#### EXERCISE BRIEF:
From the listing below, extract every line in which the word "left" appears.

#### MATERIAL SUPPLIED:
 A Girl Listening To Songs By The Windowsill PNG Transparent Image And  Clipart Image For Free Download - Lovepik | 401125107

--

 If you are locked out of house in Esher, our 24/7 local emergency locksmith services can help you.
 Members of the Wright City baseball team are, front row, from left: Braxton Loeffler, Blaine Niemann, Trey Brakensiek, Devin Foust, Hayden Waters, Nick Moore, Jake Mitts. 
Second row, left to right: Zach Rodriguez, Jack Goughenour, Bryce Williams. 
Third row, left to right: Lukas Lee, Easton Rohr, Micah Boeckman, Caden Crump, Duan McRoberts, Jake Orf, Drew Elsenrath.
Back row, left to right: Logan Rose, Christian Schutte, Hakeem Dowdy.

* * *

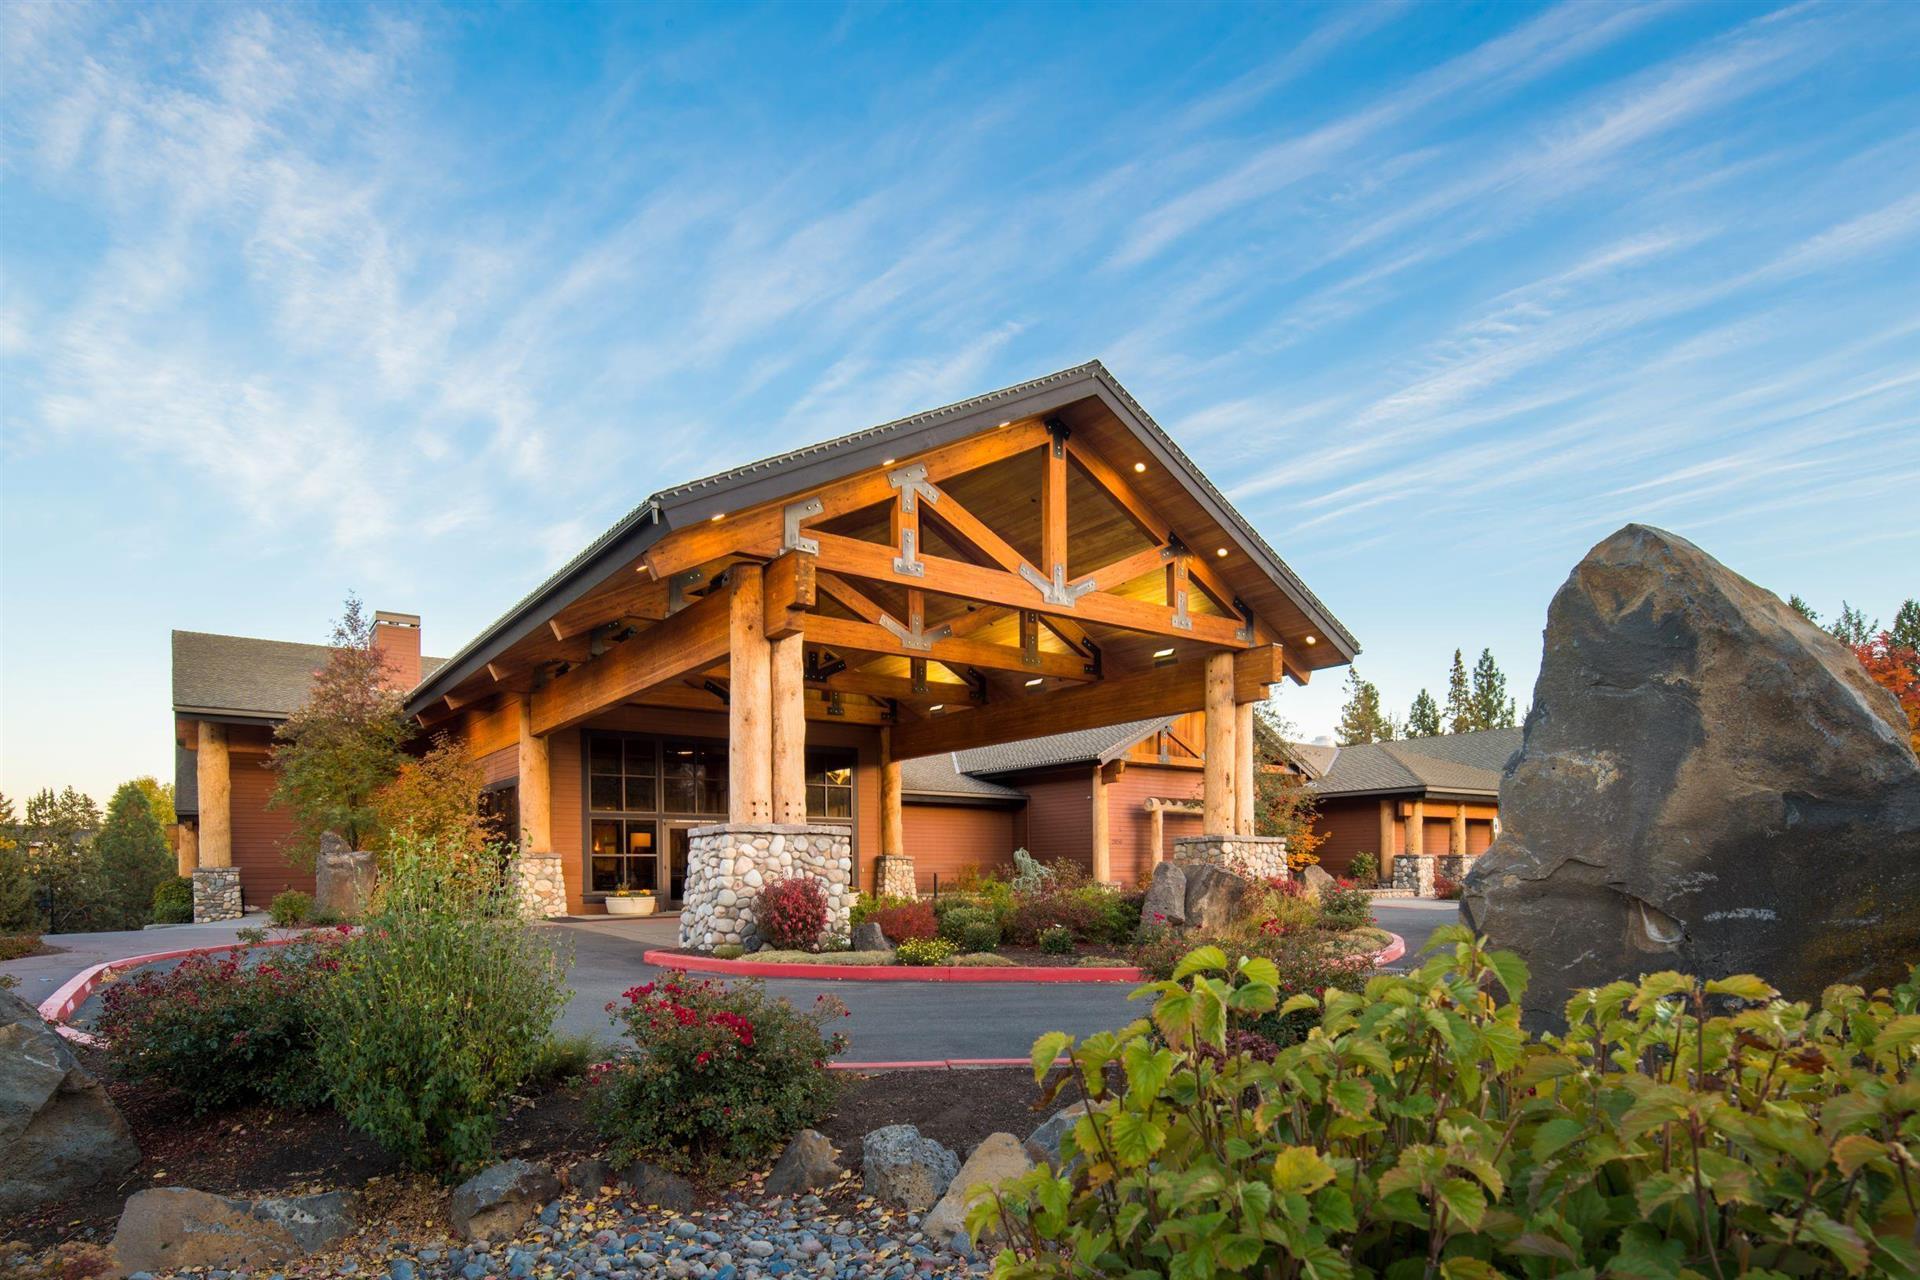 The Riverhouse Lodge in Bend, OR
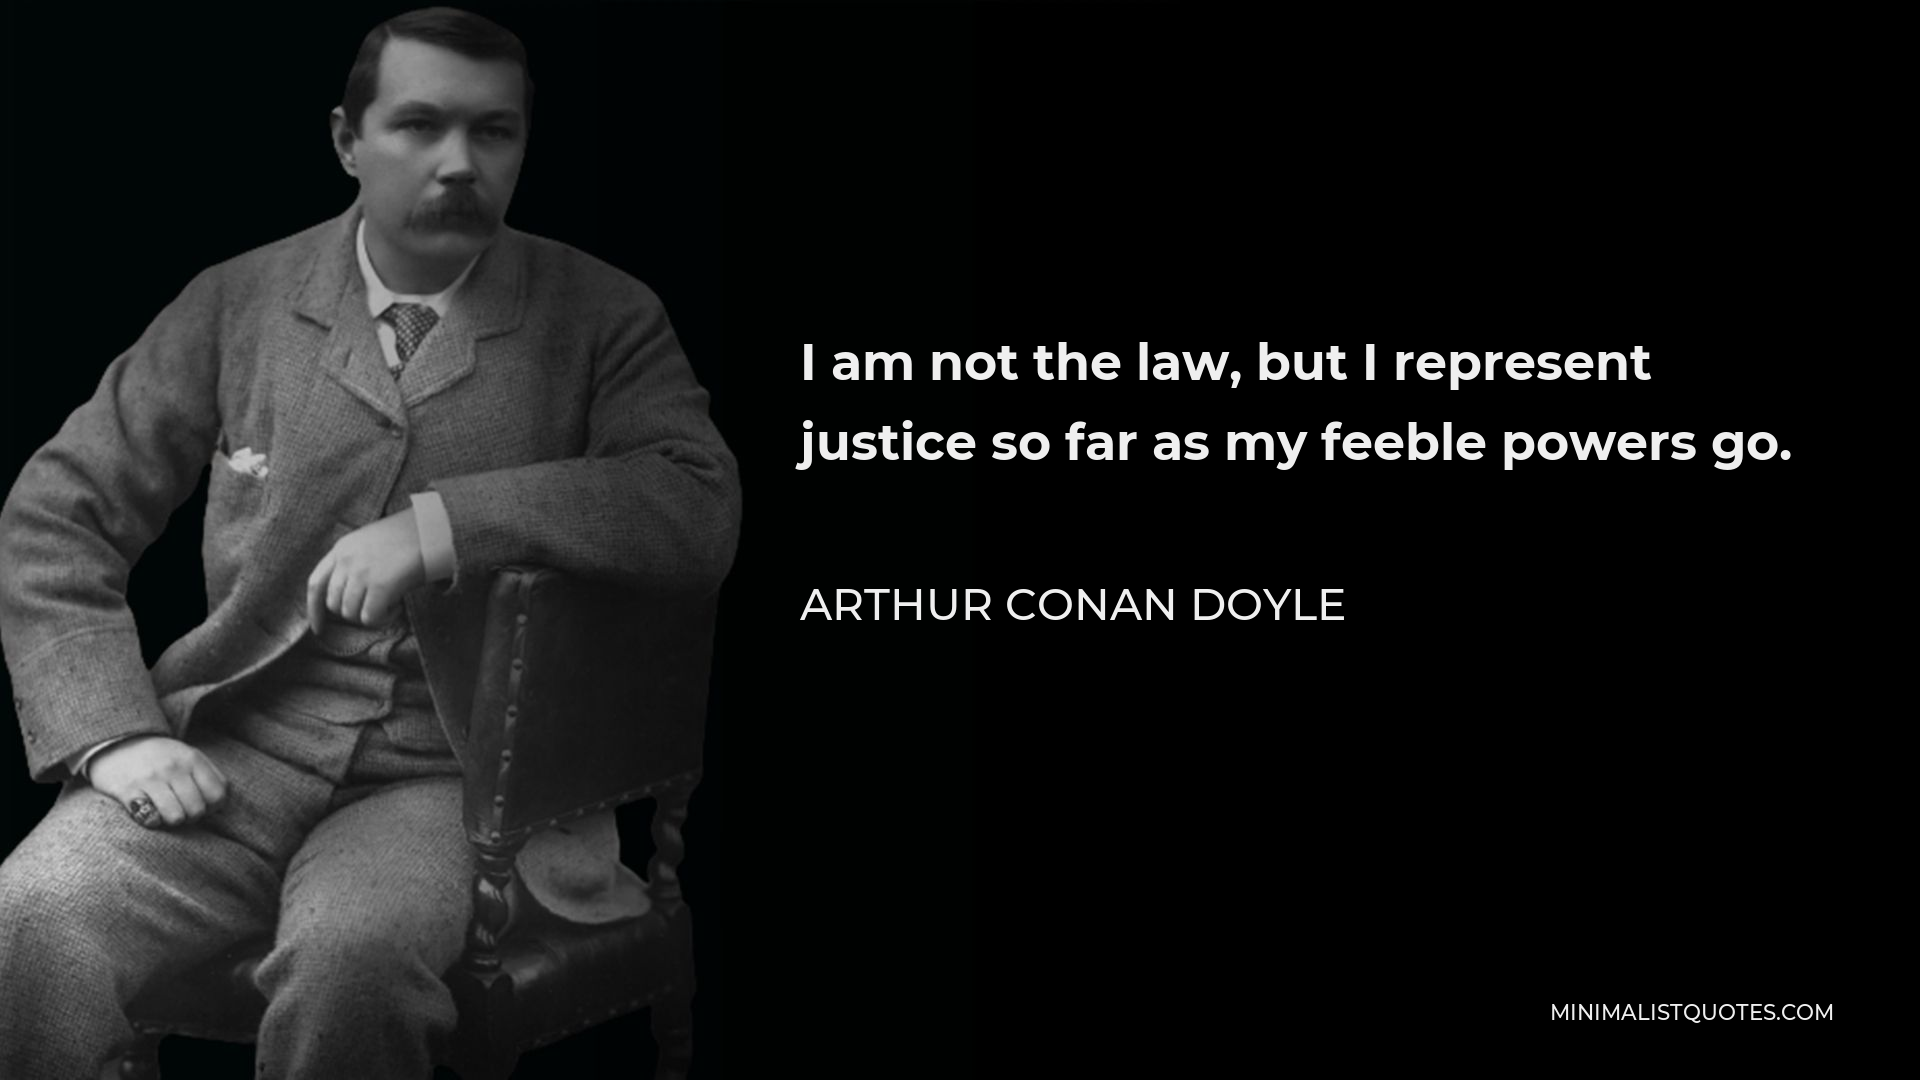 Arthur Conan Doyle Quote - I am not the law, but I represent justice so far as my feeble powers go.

#### ANSWER TO THE EXERCISE:
 Members of the Wright City baseball team are, front row, from left: Braxton Loeffler, Blaine Niemann, Trey Brakensiek, Devin Foust, Hayden Waters, Nick Moore, Jake Mitts. 
Second row, left to right: Zach Rodriguez, Jack Goughenour, Bryce Williams. 
Third row, left to right: Lukas Lee, Easton Rohr, Micah Boeckman, Caden Crump, Duan McRoberts, Jake Orf, Drew Elsenrath.
Back row, left to right: Logan Rose, Christian Schutte, Hakeem Dowdy.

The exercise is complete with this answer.